Limitations & Future Work

  • Experiments were restricted to the Qwen3 series; cross-family critic ensembles (e.g., Llama) were not tested.
  • Maximum sequence length was 8k; performance under extremely long reasoning chains (budgeted CoT) was not evaluated.
  • Small number of random seeds; more seeds are needed to verify conclusion robustness.
  • Future work: Heterogeneous ensembles, confidence-weighted aggregation, and deeper analysis of the relationship between value uncertainty and entropy.
  • Critic-free RL4LLM: GRPO, DAPO, and GSPO replace the value function with group-sampled averages.
  • Critic Enhancement: T-PPO uses critics to stabilize long-tail asynchronous training; Implicit PRM and PRIME use critic-like models for token-level supervision.
  • Asymmetric Architectures: While previous work investigated small actors (pruning), this is the first systematic exploration of "small critic guiding large actor" in the RL4LLM context.
  • Insight: Uncertainty signals from ensembles (reminiscent of Bootstrapped DQN) are effectively reactivated for LLM RL.

Rating

  • Novelty: ⭐⭐⭐⭐⭐ High.
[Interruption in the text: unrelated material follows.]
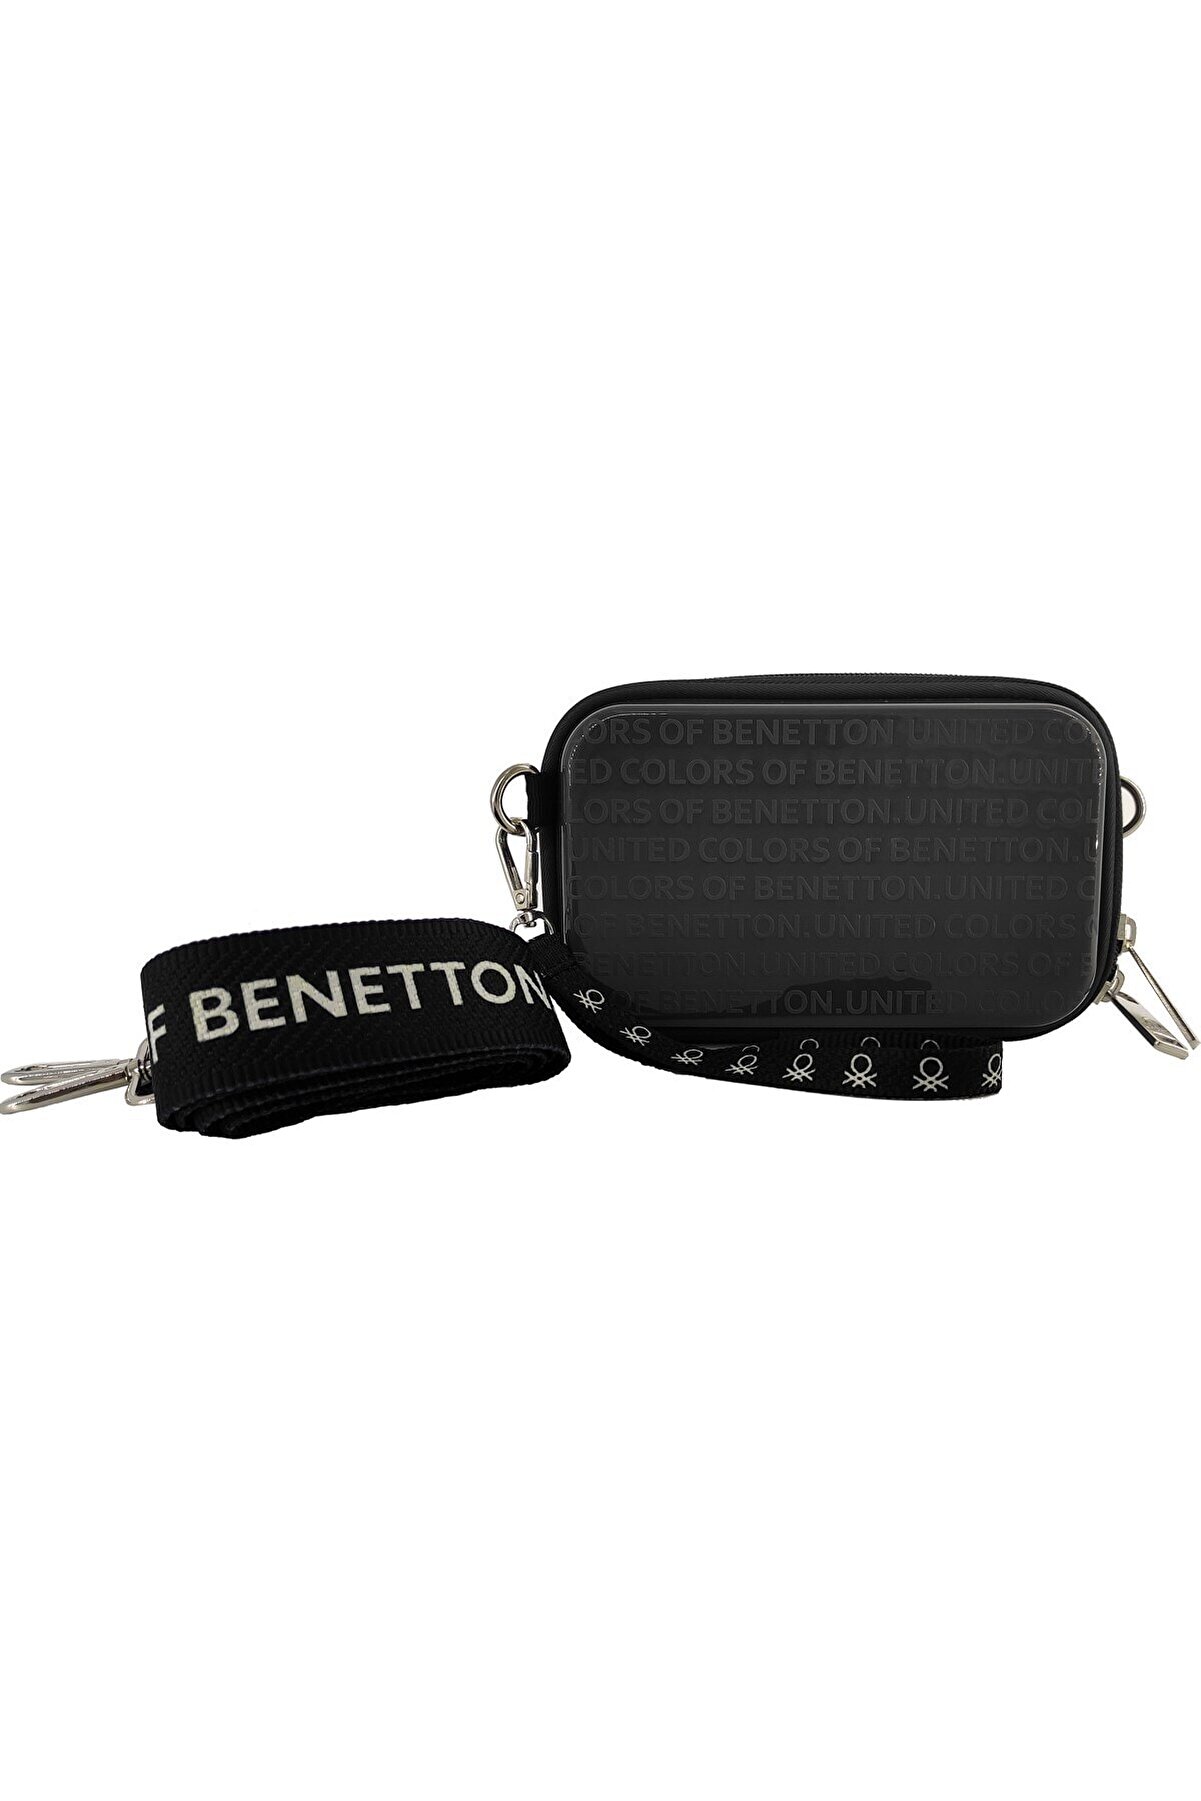 Benetton Siyah El Çantası Bntm101-00 D.grey

Counter-trend restoration of critics via asymmetric design and innovative signal usage.
  • Experimental Thoroughness: ⭐⭐⭐⭐ Good coverage of scales and math benchmarks; extensive ablation. Small seed count and single model family are minor drawbacks.
  • Writing Quality: ⭐⭐⭐⭐ Very clear logic and takeaways; intuitive diagrams.
  • Value: ⭐⭐⭐⭐⭐ High practical value for engineering; provides a robust path for RLVR with low overhead.